Decidió olvidarle y lo logro a medias.

Un par de años después, cuando ya su vida había tomado un ritmo normal. Cuando había dejado de buscar semejanzas en sus compañeras de cama y ya no sentía sobresaltos al ver por la calle una cabellera alborotada pasar por su lado, El profeta resquebraja su máscara al poner en primera plana una fotografía de Hermione Granger asumiendo su nuevo cargo en el Ministerio de Magia y todo su empeño se fue a la mierda.

Recuerda haber tomado el diario y encontrarse a mansalva con su rostro sonriente, con el traje de chaqueta moldeado a sus curvas y con ese moño apretado que la hace parecer adulta. No se da cuenta de sus emociones hasta que siente el hilillo del huevo del desayuno escurriendo hasta sus pantalones y el dolor en los dedos tanto apretar los nudillos.

Guarda cuidadosamente el recorte del diario en el cajón con llave de su escritorio, volvió a soñar con ella y ya no pudo conformarse con el espejismo de estar con alguien más solo porque era una belleza codiciada.

Y se da el trabajo de recoger cuanta oportunidad haga que sus caminos se crucen, asistiendo a aburridas cenas y actos oficiales, pero una vez tras otra no tiene suerte.

Hasta ese día en que Griffin le confirmo que ella redactaría el acuerdo, dándole tiempo para reconquistarla en el proceso. Serian largas y tediosas reuniones, seguidas de un café, tal vez una cena, hasta despertar los recuerdos. Y todo sería mejor, infinitamente mejor, sin la comadreja de por medio, sin ataduras de ninguna clase.

Necesitaba a Hermione Granger y la iba tener de vuelta borrando de un plumazo ese paréntesis que no servía para nada.

Y sabia que, aunque ella lo negara y lo rechazara una y otra vez, también sentía lo mismo. Lo supo por su mirada huidiza y por la forma respondió su boca al besarle, incluso por esa mascara de indiferencia que es una mala copia de la de él mismo.

No le importa que paso o que hizo Hermione en los años que no supo de ella, aun cuando se hubiera acostado con el medio hermano de Hagrid o hubiera asesinado el ultimo unicornio en extinción, por él está bien.

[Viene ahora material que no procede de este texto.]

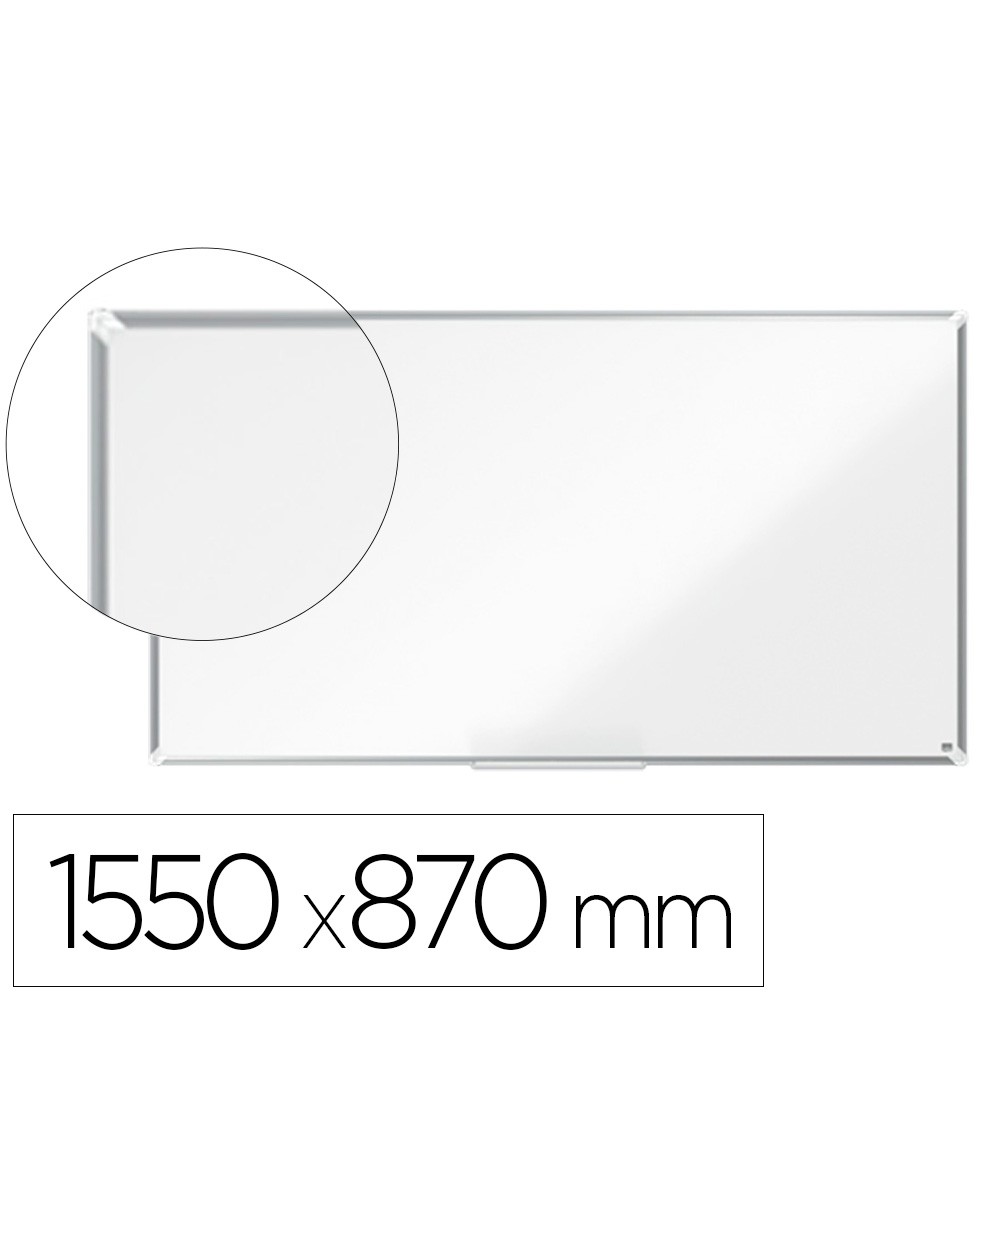 Pizarra blanca nobo premium plus acero vitrificado formato panoramico 70 magnetica 1550x870 mm
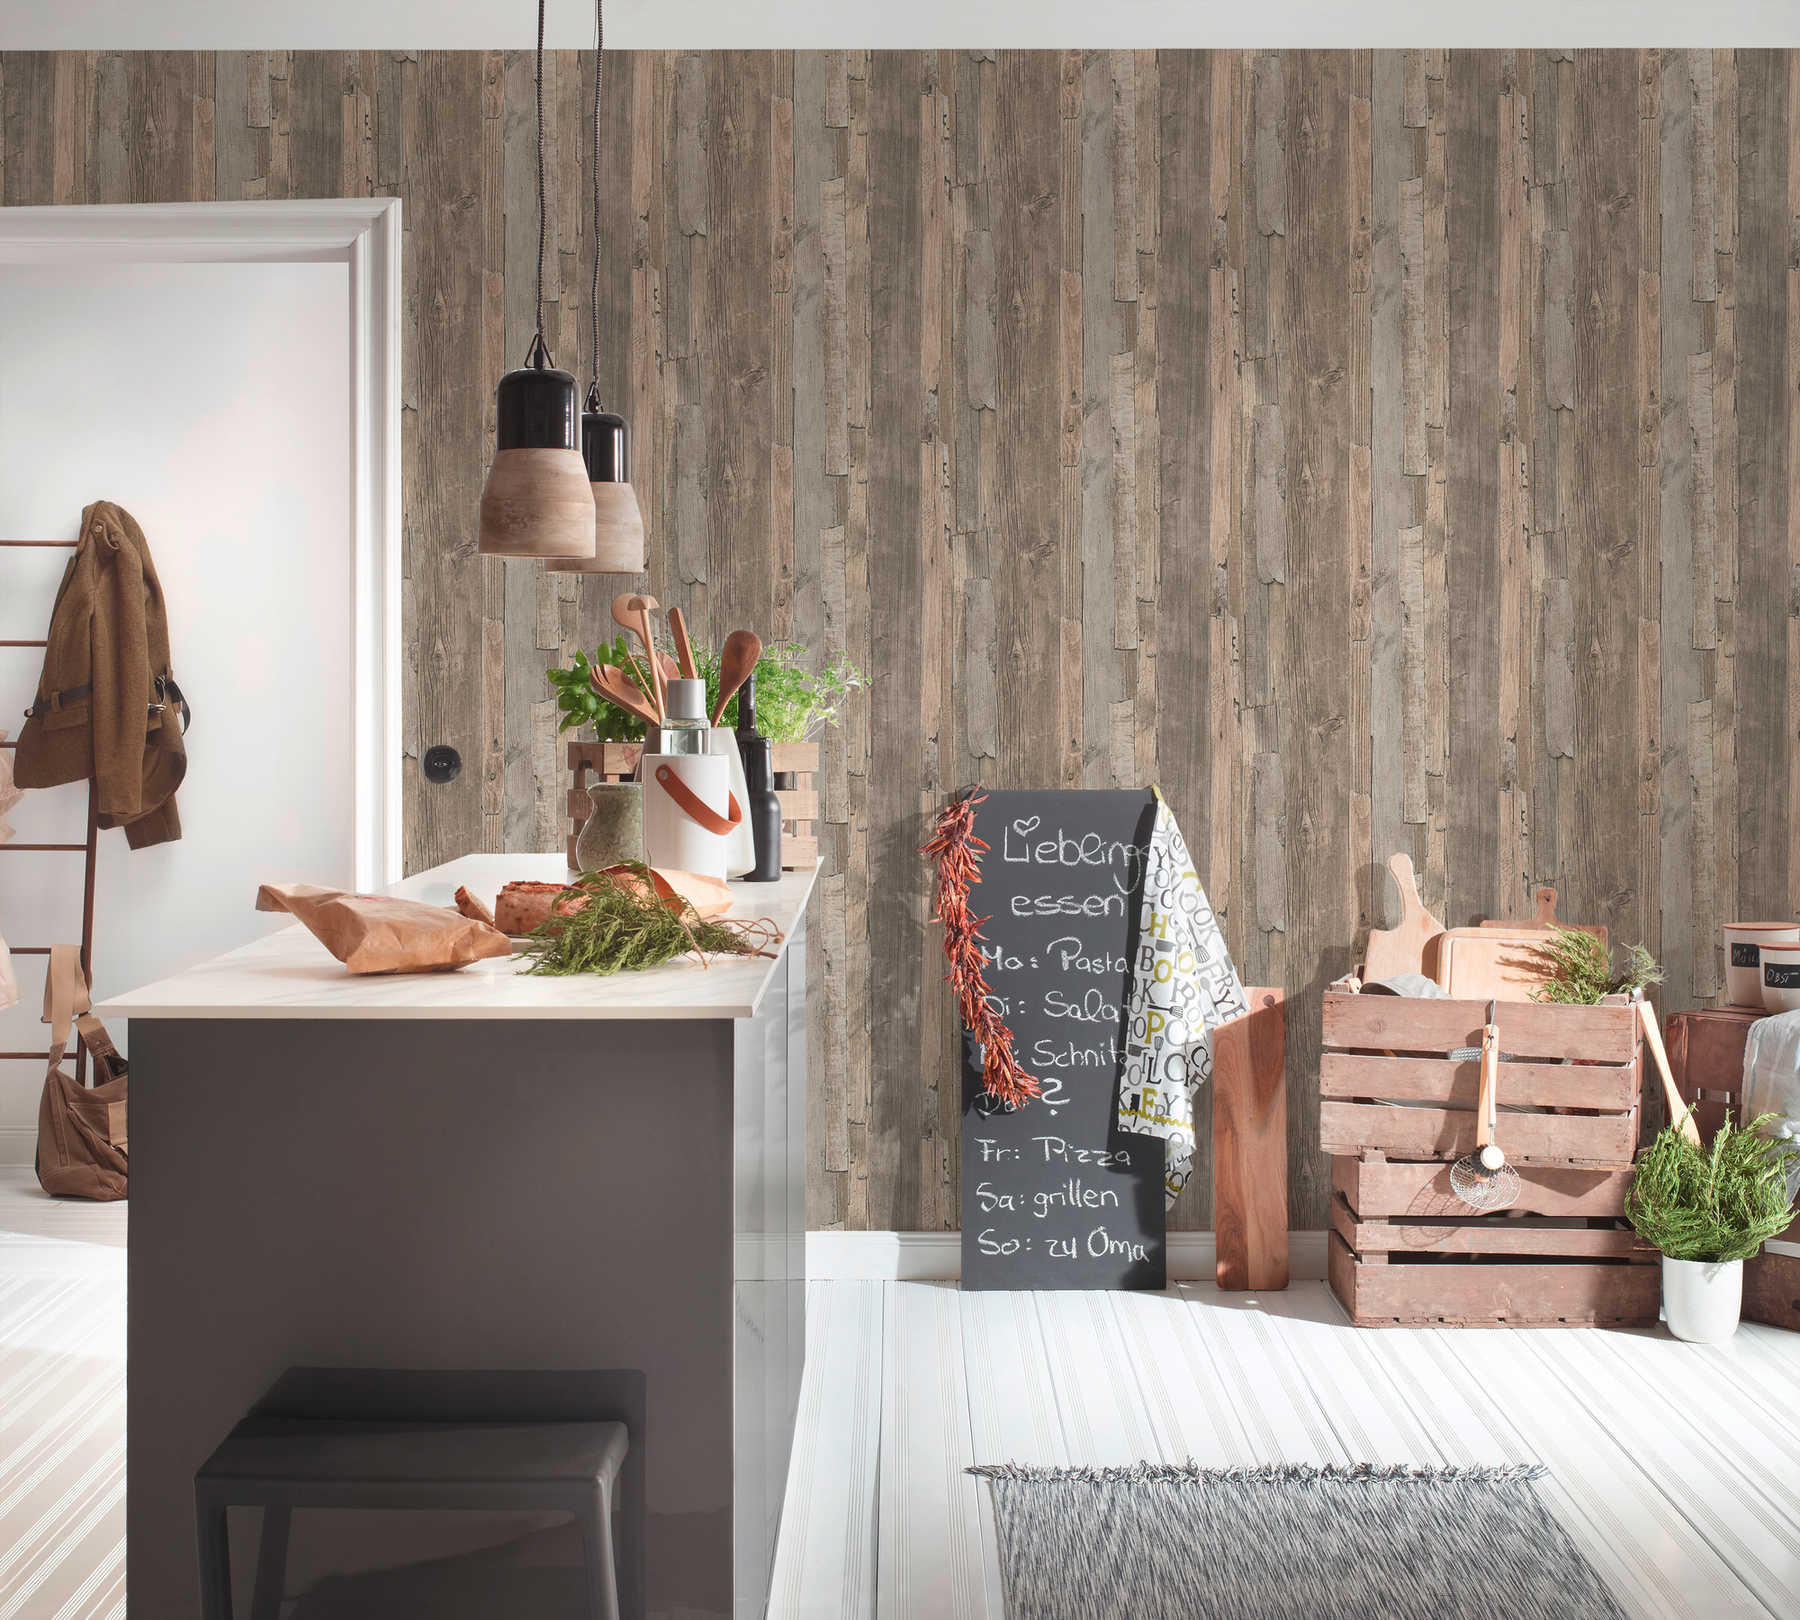             Wallpaper with board pattern, wood in used design - beige, brown

Lo único que le interesa es tenerla a su lado cueste lo que cueste. Un Malfoy no se rinde.

La luna ya riela el mar cuando Draco se decide al cambio de guardia. Sigilosamente despierta a Charlie, quien sale del refugio medio adormilado. Draco, con una sonrisa astuta da gracias mentales a la estrechez del lugar y se instala al lado de Hermione. La respiración acompasada de la chica ejerce un efecto sedante y sin darse siquiera cuenta se queda dormido.